Non profit
Per salvare Pompei ci vorrebbe Google
Pier Luigi Sacco: l'incontro tra Itc e beni culturali genera buone pratiche. Come insegna il modello Siena-Microsoft
di Redazione

È d’accordo che l’eventomania sia uno dei mali della cultura italiana. E che il punto più basso sia stato toccato con l’organizzazione del concerto di Elton John (foto) a Napoli, pagato dirottando fondi europei. Ma Pier Luigi Sacco, economista prestato alla gestione della cultura, oggi docente allo Iulm, considera l’evento principe del 2010, l’inaugurazione del MaXXi di Roma firmato dall’archistar Zaha Hadid, un fatto di straordinaria positività.
In che senso professore?
La ritengo un’istituzione spartiacque, uno spazio molto sfidante che ha avuto un’eccezionale risposta dal pubblico, come dimostra l’afflusso pressoché costante alla biglietteria.

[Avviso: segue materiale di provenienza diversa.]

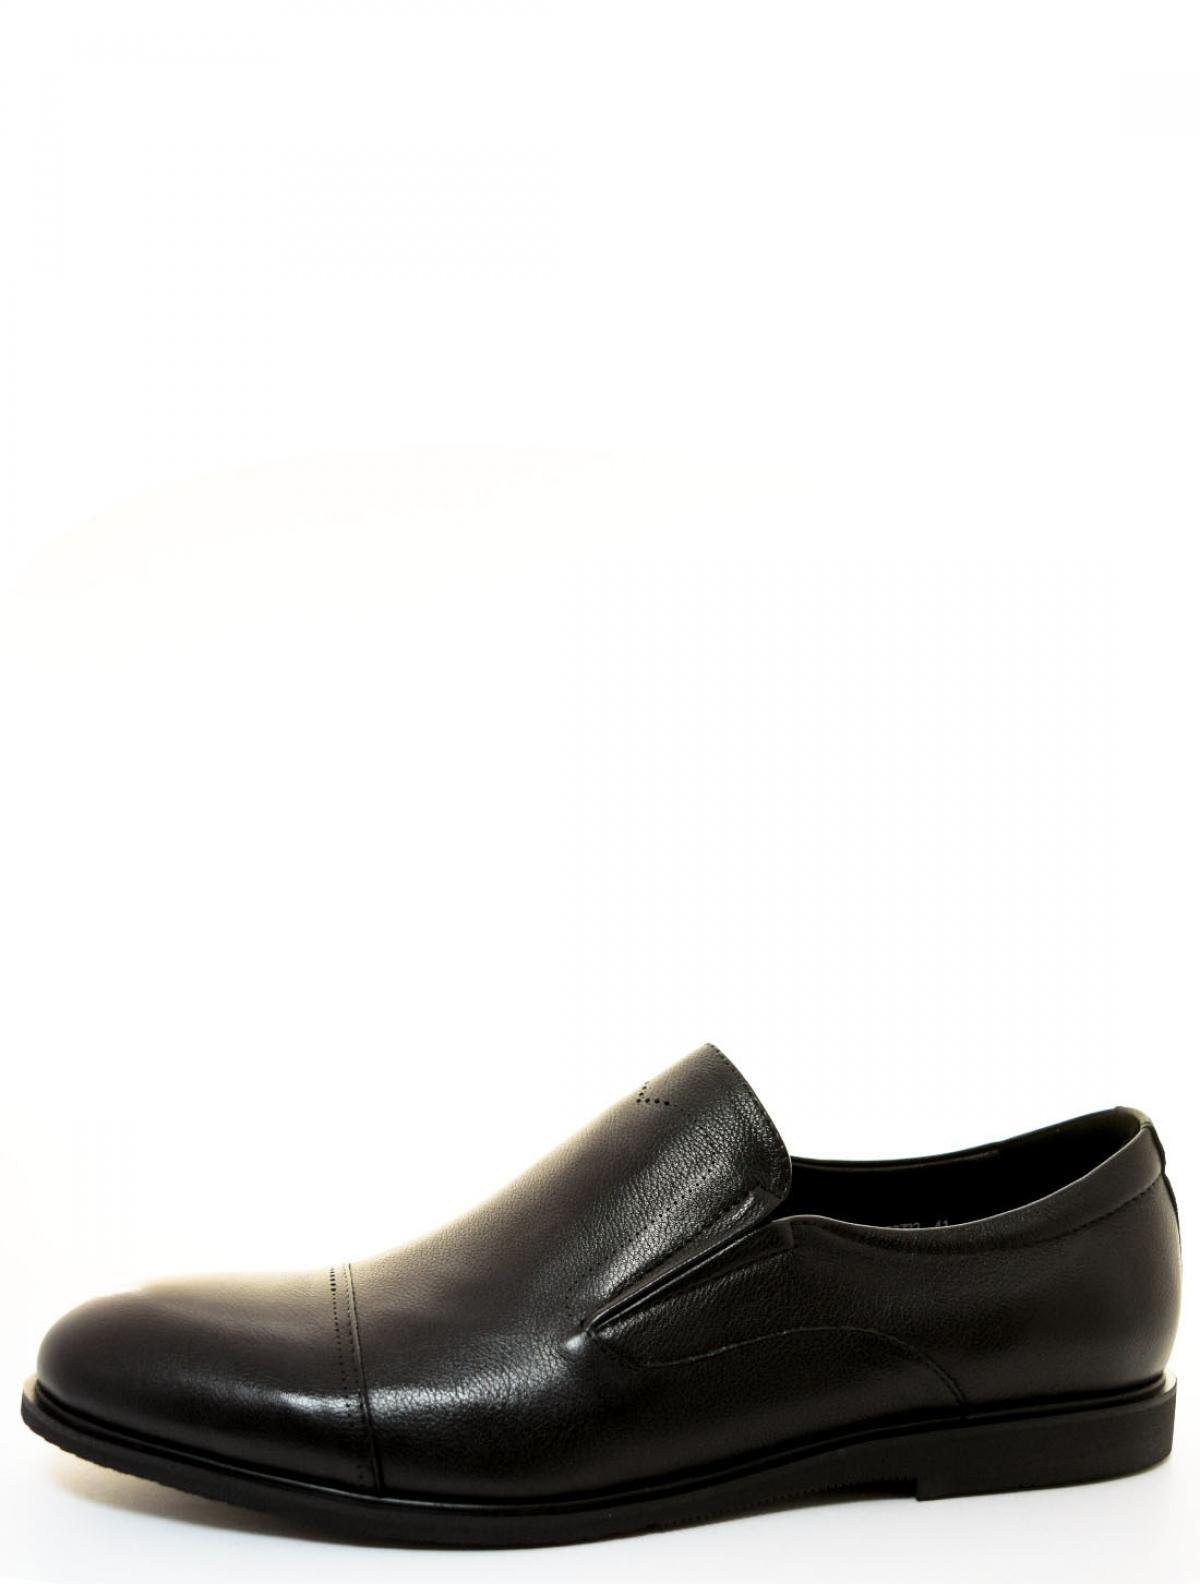 Roscote B189-B42-SG3-T2722 мужские туфли

Ma il successo non è solo nei numeri. È nel fatto che così si aiuta la formazione di un pubblico nuovo. Adesso l’importante che è che il MaXXi si dia un piano di sostenibilità economica e finanziaria.
Si arriva insomma anche in questo caso all’eterno nodo delle risorse…
Certo. Perché noi diciamo che il patrimonio culturale è il nostro petrolio. E poi lo affrontiamo come se fosse un centro di costo, e non di profitto. È un’impostazione sbagliata alla radice.
E come si fa a ribaltarla?
Bisogna essere innovativi e capire quali enormi potenzialità possano riservare le sperimentazioni tecnologiche. Se Pompei si accordasse con Google per la diffusione via web del suo patrimonio, si potrebbero incamerare diverse decine di milioni di euro.
Come fa ad esserne sicuro?
Basta guardare le poche esperienze avviate. Il polo museale senese si è accordato con Microsoft come partner strategico per valorizzare le piccole sedi espositive sul territorio. I risultati ottenuti sono molto importanti.